Perhaps Corona19 Jungkook influenced the 'disorder' of the poll.

STEP 2. Per-consolidated support rate

So, isn't this year's general election poll worth analysis? It's not like that.

Look at the graph above. Even if you look at it with your eyes, the future unified party support rate spreads up and down more than other parties. This means that there is a great deal of variation among research institutes.

I need to find out how spread it is. We will use the concept of 'standard deviation' we learned in middle school. Anyone who has taken the University Scholastic Ability Test knows that it is a 'standard score'. This standard score reflects the 'standard deviation'. In each poll, we calculate the standard deviation, a statistical technique that shows how wide it is in the average of the political party's approval rating. It means that the larger the standard deviation, the more values ​​fall off the mean.
The Consolidated Party spreads 5.30% around the average. It is the largest of the political parties. It means a lot. The Democratic Party is 3.18%, the Justice Party is the smallest, at 1.03%.

In other words, it can be said that the current polls do not accurately capture the public sentiment of the future unification party.

What we need to look at further is those who answered that there was no support party, the shaman.

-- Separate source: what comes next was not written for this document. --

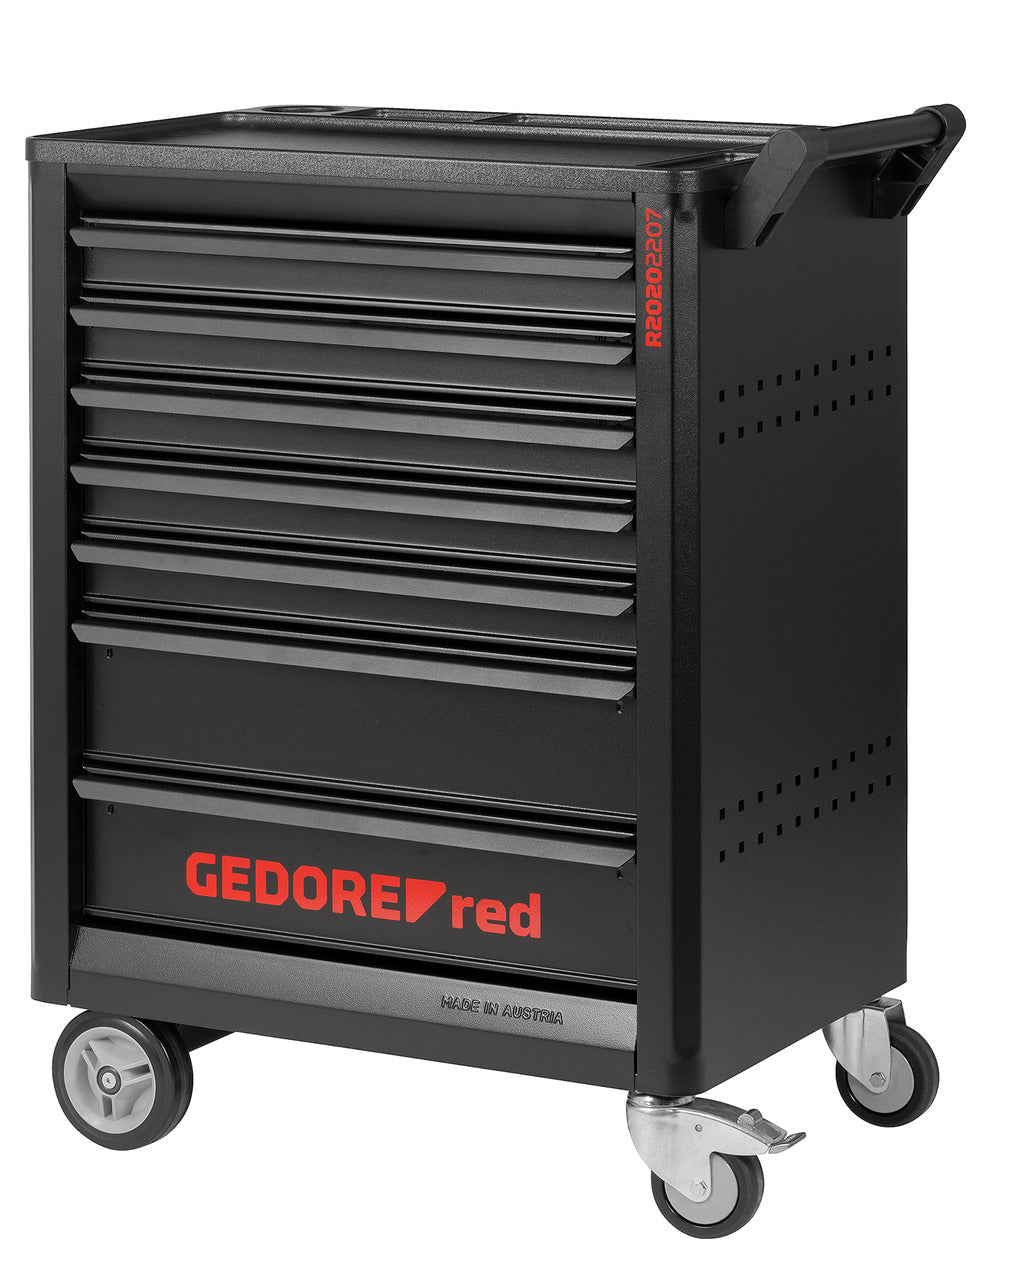 GEDOREred R20202207 - Carro de taller GEDMaster 7 cajones (3301677)
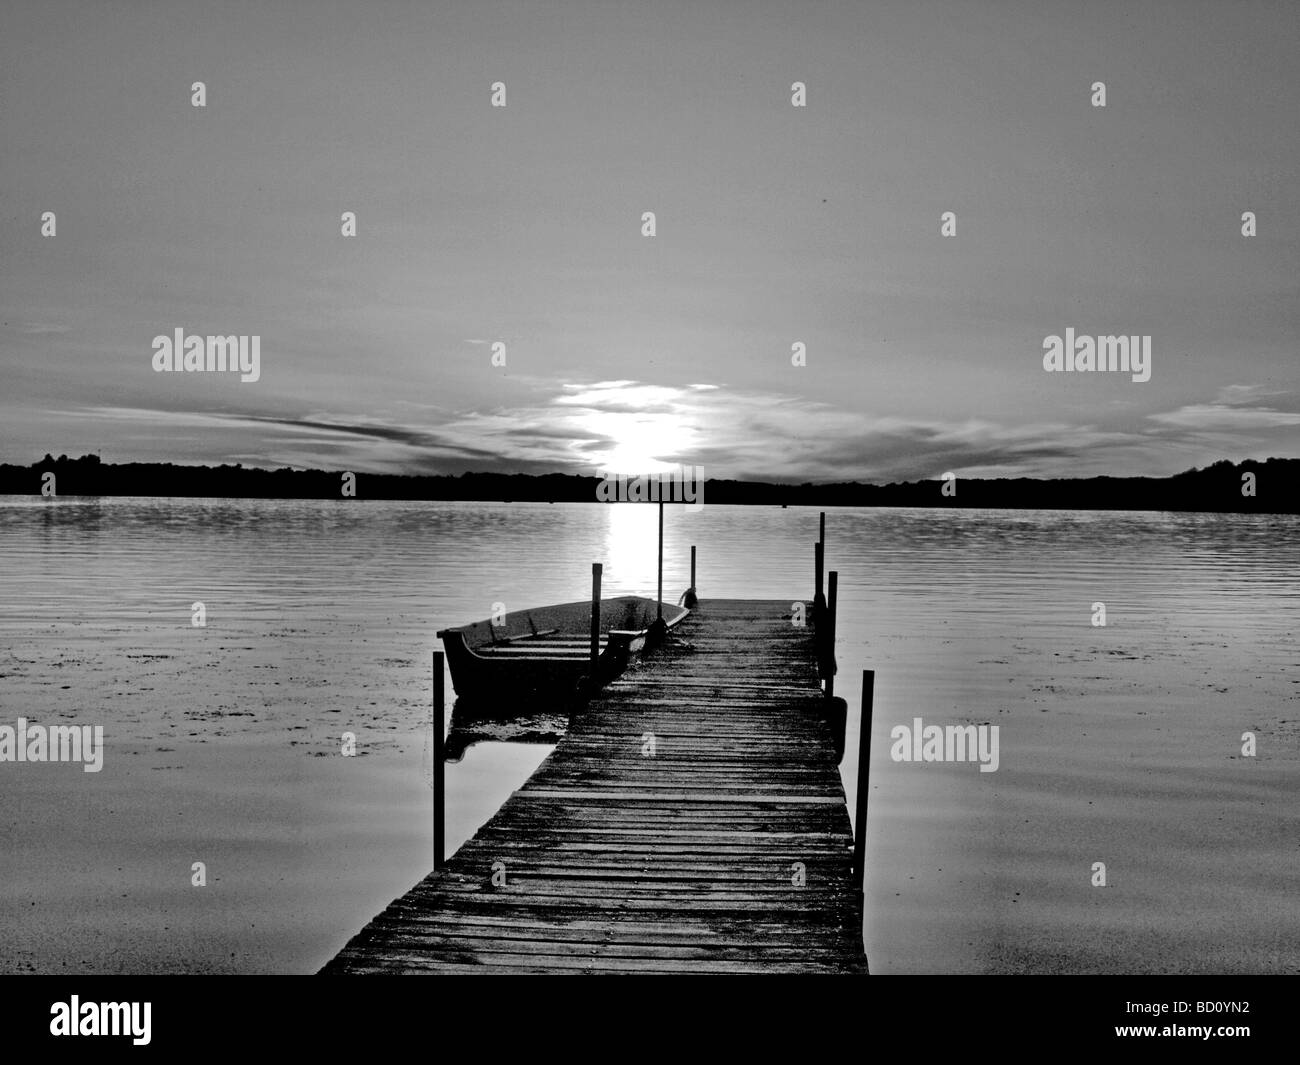 Vue de la rive sur le lac comme si on se tient à la fin d'un dock pier avec barque voile à la recherche sur un coucher de soleil et sur les rives, b & w Banque D'Images

The standard deviation of the shamans is 7.80%, which is a jump for every survey. What does this mean? Who are the shamans?

STEP 3. Correlation between the unified party support rate and the shaman

The shamans are people with or without a support party. However, as you've responded to the annoying poll phone calls, you're still a little interested in politics, so you're likely to find a polling place at the election. You can presuppose that there is a high likelihood of taking any party.

We are going to find out which political party's approval rating has a big impact on the size of the shamans in each poll. We are going to look at the correlation between each party's approval rating and the size of the shaman, but this time we are going to use the 'correlation coefficient' value.

Correlation coefficient is an overwhelmingly popular statistical technique for determining the correlation between two indicators. The correlation coefficient values ​​must be between -1 and 1, with a closer to -1 being a stronger negative correlation and a closer to 1 being a stronger positive correlation. If it's close to 0, you can see that it doesn't matter. Usually, it is considered that there is a high correlation between +0.5 and -0.5 or below.

The resulting value was:
The correlation coefficient between the United Party and the shaman was -0.91, which showed a very strong negative correlation. Democrats also had a relatively strong negative correlation at -0.76, but not as much as the United Party. The Justice Party had little correlation.

A correlation coefficient of -0.91 deserves a 'correct inverse' relationship. In other words, the higher the number of shamans, the lower the percentage of consolidated party support. Conversely, the smaller the number of shamans, the higher the percentage of consolidated party support.

What this means is that quite a bit of shamanism is thought to be contemplating the support of the United Party. That's why the unified party's approval rating can move swiftly as the shamans change their minds.

STEP 4. How does the fluctuating poll and evaluation…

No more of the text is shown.